- Date: 14–20 March
- Edition: 1st
- Surface: Clay
- Location: Concepción, Chile

Champions

Singles
- Tomás Martín Etcheverry

Doubles
- Andrea Collarini / Renzo Olivo
| Challenger del Biobío |

= 2022 Challenger del Biobío =

The 2022 Challenger del Biobío was a professional tennis tournament played on clay courts. It was the first edition of the tournament which was part of the 2022 ATP Challenger Tour. It took place in Concepción, Chile between 14 and 20 March 2022.
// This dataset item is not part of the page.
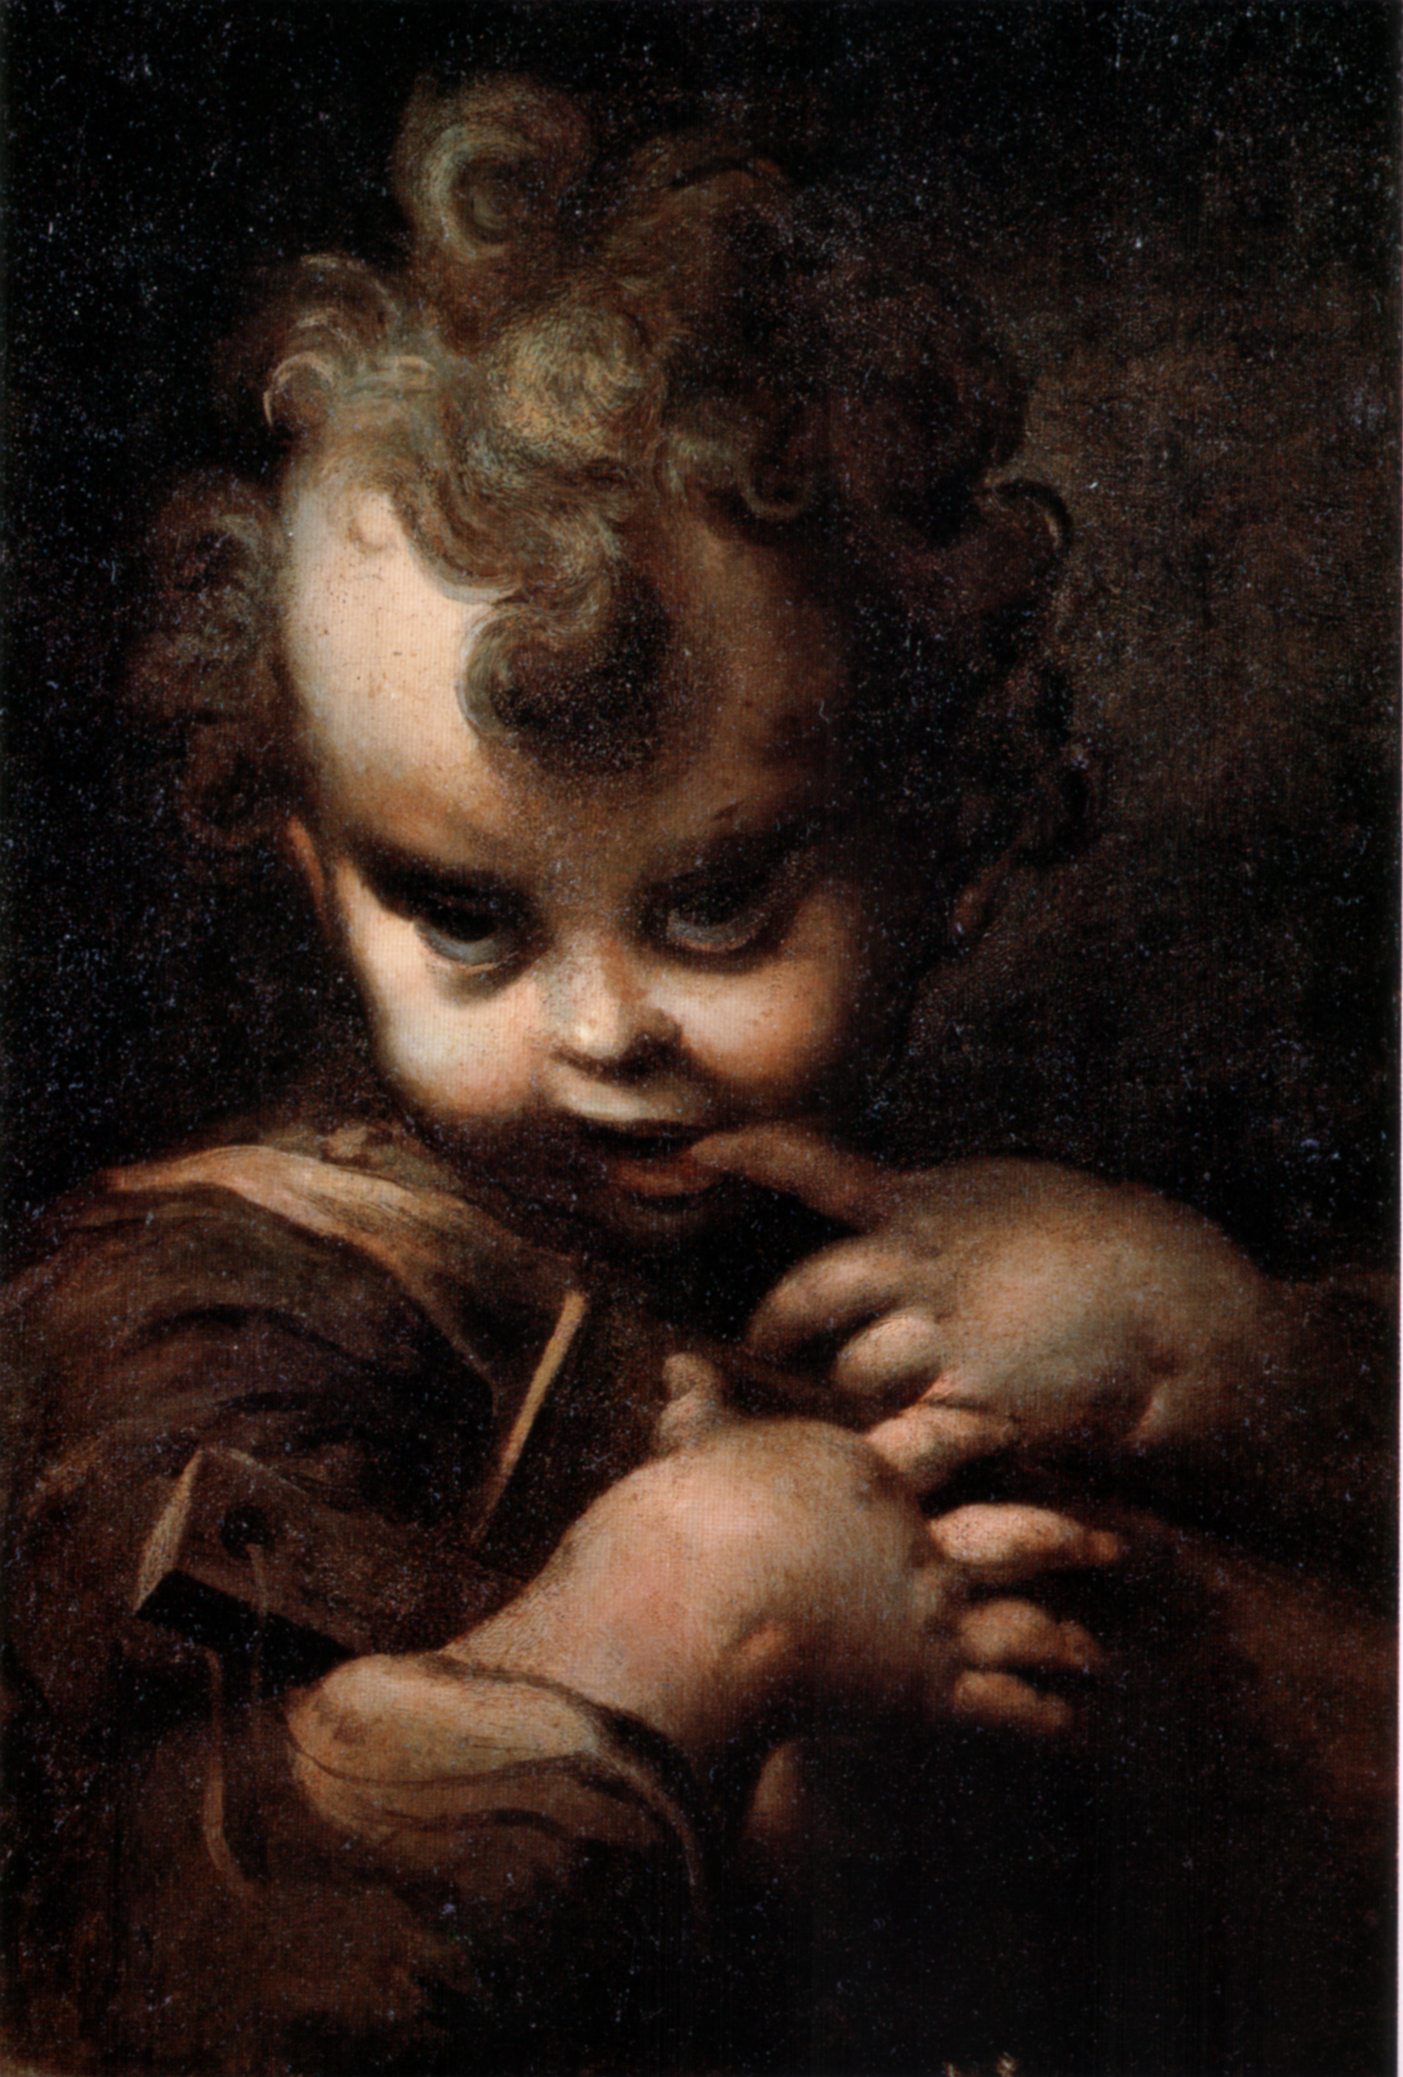 Parmigianino. Fanciullo con abbecedario. 1520-1530. Este pintor

==Singles main draw entrants==
===Seeds===

| Country | Player | Rank^{1} | Seed |
|---|---|---|---|
| BOL | Hugo Dellien | 101 | 1 |
| PER | Juan Pablo Varillas | 117 | 2 |
| ARG | Tomás Martín Etcheverry | 123 | 3 |
| CHI | Nicolás Jarry | 142 | 4 |
| CHI | Tomás Barrios Vera | 145 | 5 |
| CZE | Vít Kopřiva | 165 | 6 |
| ARG | Camilo Ugo Carabelli | 175 | 7 |
| ARG | Facundo Mena | 183 | 8 |

- ^{1} Rankings are as of 7 March 2022.

===Other entrants===
The following players received wildcards into the singles main draw:
- PER Gonzalo Bueno
- CHI Diego Fernández Flores
- CHI Daniel Antonio Núñez

The following players received entry into the singles main draw as alternates:
- FRA Evan Furness
- GBR Paul Jubb
- ARG Genaro Alberto Olivieri

The following players received entry from the qualifying draw:
- ARG Hernán Casanova
- FRA Corentin Denolly
- BRA Daniel Dutra da Silva
- ARG Facundo Juárez
- ARG Juan Bautista Torres
- ARG Gonzalo Villanueva

==Champions==
===Singles===

- ARG Tomás Martín Etcheverry def. BOL Hugo Dellien 6–3, 6–2.

===Doubles===

- ARG Andrea Collarini / ARG Renzo Olivo def. ECU Diego Hidalgo / COL Cristian Rodríguez 6–4, 6–4.